Affirmative action - one of the most contentious issues in America for decades - is under siege as never before.
Years of litigation by groups opposed to the use of race as a consideration in school admissions or government contracts appear to have now cleared the way for a sweeping redefinition of how, or even whether, US institutions can pursue racial diversity.
Tuesday's ruling by a Detroit federal judge that the University of Michigan's use of racial distinctions in its law-school admissions policy is unconstitutional is only the latest in a string of complicated, and occasionally contradictory, legal decisions.
Taken together, they ensure that over the next year or two the nation's highest court will likely define new limits for the role of affirmative action in public life.
"This fault line is so severe that this question will have to end up at the Supreme Court," says William Van Alstyne, a law professor at Duke University in Durham, N.C.
The high court already took a step toward further refinement of affirmative action earlier this week, when it agreed to hear a challenge to a federal highway construction program that favors minority contractors.
The outcome of that case - which will be argued this fall - could well determine how far the US government can go in giving an edge to blacks or Hispanics in public works projects as a means to redress past discrimination.
It is also likely to show where the new Bush administration stands on affirmative action, as Attorney General John Ashcroft's Justice Department will be defending a program heavily shaped by Janet Reno and the Clinton administration.
Then there are the education lawsuits. The debate over race-conscious admissions policies is one of the most heated of all affirmative action subissues, as it involves children's futures. It has roiled college campuses from Berkeley to Austin and beyond.
The March 27 decision by US District Court Judge Bernard Friedman was only the latest in a string of rulings that have circumscribed university administrators.
"All racial distinctions are inherently suspect and presumptively invalid," writes Judge Friedman. "Whatever solution the law school elects to pursue, it must be race-neutral."
This position, however, is in direct contradiction with one of the few recent rulings to have upheld affirmation action - a decision by another judge of the same court that upheld the same university's undergraduate admissions process.

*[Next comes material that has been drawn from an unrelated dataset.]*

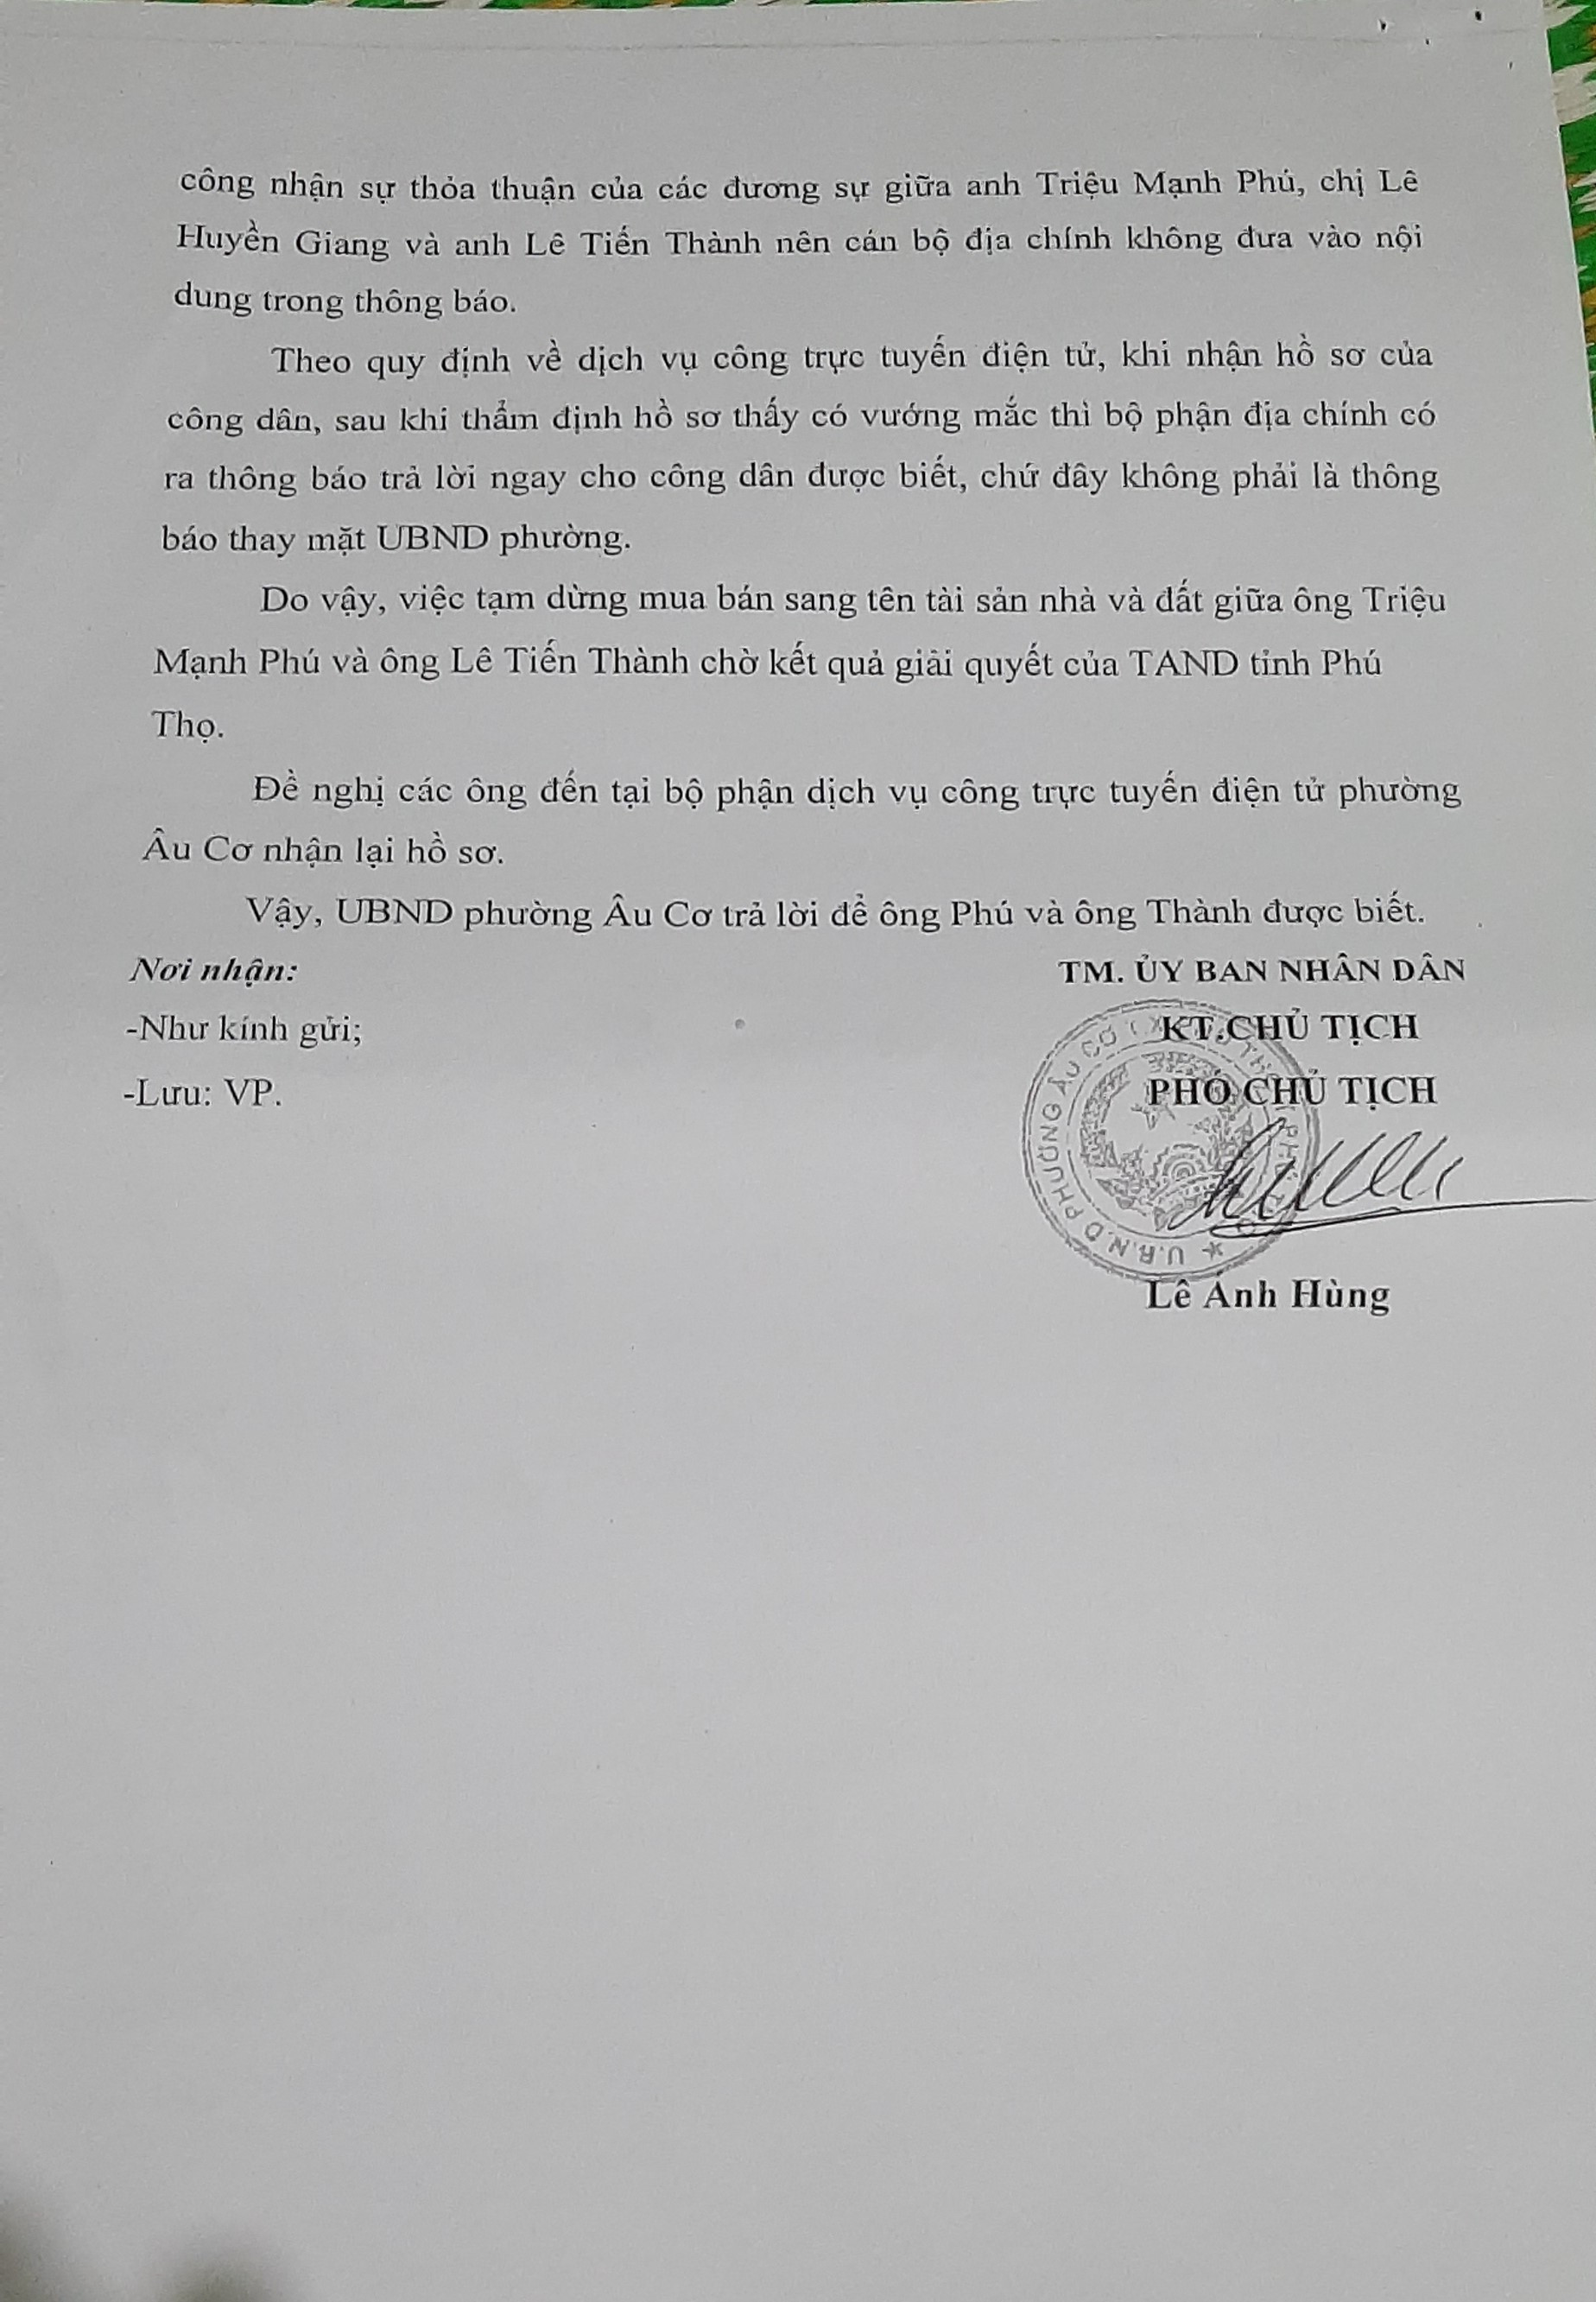 Phú Thọ: Mua nhà đất hợp pháp nhưng bị từ chối khi làm thủ tục sang tên sổ đỏ
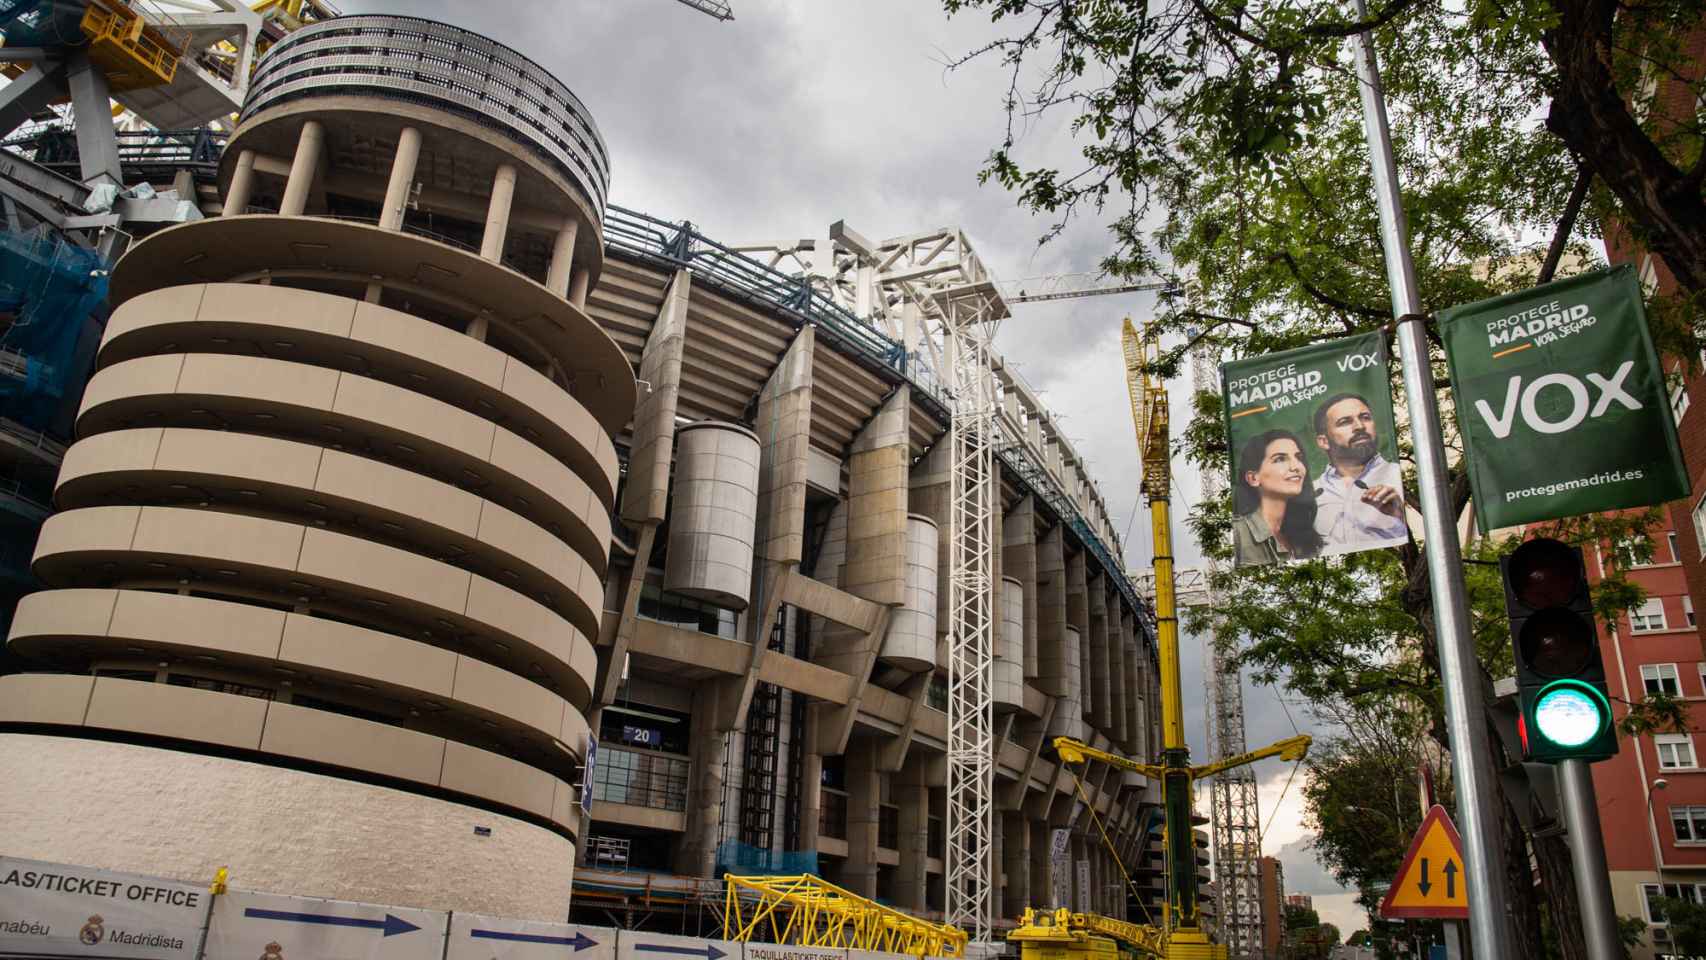 El estadio Santiago Bernabéu en obras, con un cartel electoral de Vox.

The two rulings will likely be combined into one, and pass through an appeals court ruling to eventual Supreme Court determination, say legal analysts.
The basic question on which the two University of Michigan decisions differ: When is a race-based remedy a "compelling state interest"?
Conservatives are hailing the most recent Michigan ruling as evidence of the coming trend. "If this decision is sustained by the appeals court it will be incredibly important," says Abigail Thernstrom, co-author of "America in Black and White: One Nation, Indivisible."
She and other conservatives say the philosophical makeup of the Supreme Court, and its recent decisions, makes it appear unlikely that it would rule against any appeals court decision against the use of race as a factor to create diversity on campus.
Conservative analysts say that Supreme Court justices have been consistent in saying race preferences are permissible only to remedy specific instances of past discrimination. It can't be used to achieve diversity or fix societal discrimination.
"The high court is never going to say you can't have racial preferences," says Curt Levey at the Center for Individual Rights, a conservative public-interest law firm that helped bring the Michigan law school case. "The real issue is: Can you have preferences to achieve diversity?"
In the short term, college admissions office are unlikely to radically alter policies, although there may be some minor changes.
"People will take another look at policies to see what they can do to insulate themselves from constitutional attack," says George Rutherglen, a University of Virginia law professor.
But Rutherglen does not expect affirmative action programs to disappear. The drop in admissions at the University of California at Berkeley's law school since it has been forced to drop its racial preference programs shows college administrators that something is needed to ensure some kind of diversity, he says.
Much of the business community supports affirmative action, as well. In the wake of this week's ruling against the University of Michigan's law school, one of the state's biggest employers - General Motors - issued a statement reaffirming its backing of affirmative action in education as necessary to prepare students for a the diverse workplace of the future.
"The tide has been going on on affirmative action since the mid-1980s.... But even though most of the decisions have been more and more restrictive, politically as well as judicially, many of the programs remain in place," says Professor Rutherglen.